Name of the Condition

• Alpha thalassemia

Summary

Alpha thalassemia is a genetic blood disorder characterized by reduced production of alpha globin chains, a component of hemoglobin. This results in anemia and abnormal red blood cell formation. The condition ranges from asymptomatic to severe, depending on the number of affected genes. Mild forms may cause mild anemia, while severe forms can lead to life-threatening complications.

Causes

Alpha thalassemia is caused by mutations in the HBA1 or HBA2 genes, which control alpha globin production. These mutations are inherited in an autosomal recessive pattern, meaning an individual must inherit two defective genes (one from each parent) to develop the condition. The severity depends on the number of affected genes.

Risk Factors

• Family history of alpha thalassemia or related disorders
• Ethnic background (more common in Southeast Asian, Mediterranean, Middle Eastern, and African populations)
• Consanguineous relationships

Symptoms

• Fatigue
• Pale skin
• Jaundice
• Enlarged spleen (splenomegaly)
• In severe cases: swelling, heart problems, or fetal hydrops (in newborns)

Diagnosis

Diagnosis involves blood tests to assess hemoglobin levels and red blood cell characteristics. Hemoglobin electrophoresis or DNA testing may confirm the specific genetic mutations. Prenatal testing is available for at-risk pregnancies.

Treatment Options

• Mild cases: often require no treatment
• Moderate to severe cases: may involve blood transfusions, folic acid supplements, or bone marrow transplantation
• Severe fetal forms: may require intrauterine transfusions

Prognosis and Follow-Up

Prognosis varies by severity. Mild forms have a good outlook, while severe forms can be life-threatening. Regular monitoring of hemoglobin levels and organ function is essential. Severe cases may require lifelong management.

Complications

• Severe anemia
• Organ damage (e.g., liver, heart)
• Growth delays in children
• Increased risk of infections

Lifestyle & Prevention

• Genetic counseling for families with a history of the condition
• Avoiding triggers that worsen anemia (e.g., certain medications)
• Maintaining a balanced diet rich in iron and folic acid (if recommended by a healthcare provider)

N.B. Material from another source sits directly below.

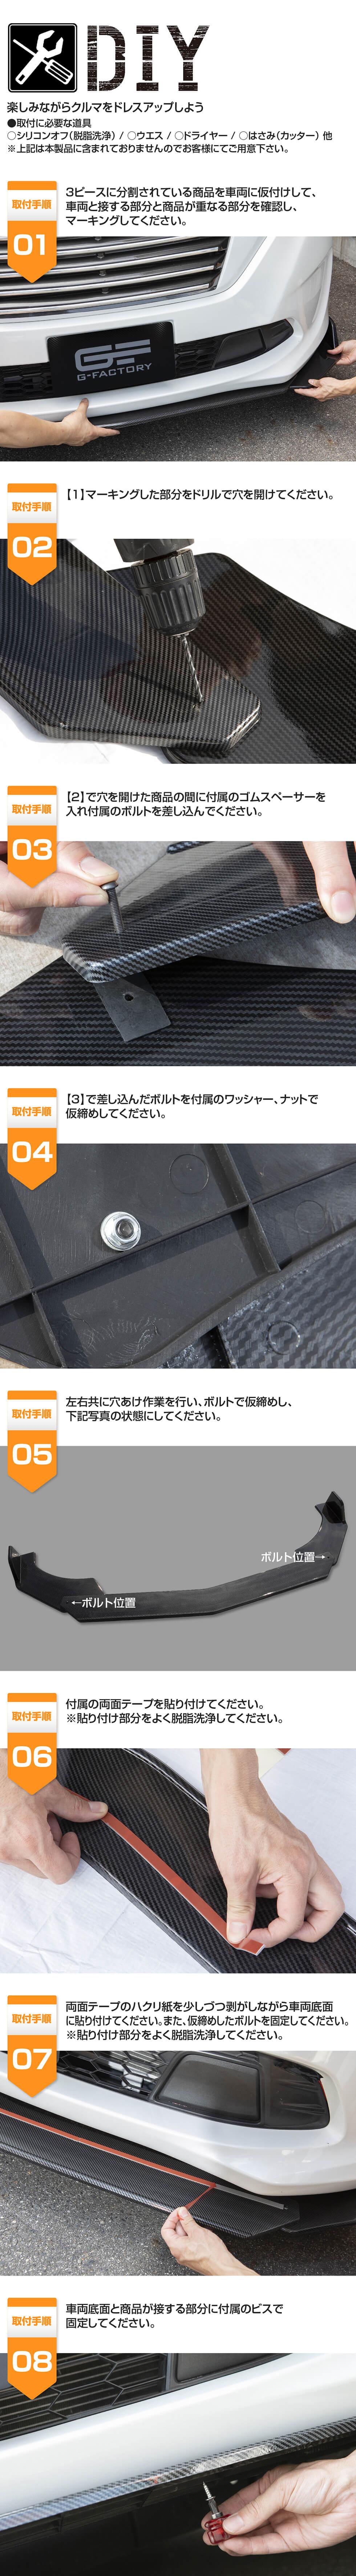 汎用 スポイラー アンダーカナード カーボン長 組立式 3分割 ABS製 エアロ フロント スポイラー カナード フィン アンダーフラップ リップ アンダーパネル 加工用 付け足し ドレスアップ GTマシン風

When to Seek Professional Help

Seek medical attention if experiencing persistent fatigue, jaundice, or unexplained swelling. Prenatal care is critical for at-risk pregnancies to monitor fetal health.

Tips for Medical Coders

Document the specific type and severity of alpha thalassemia, as coding accuracy depends on clinical details. Ensure documentation supports the diagnosis and any associated complications. Verify the code aligns with the patient's genetic and clinical presentation.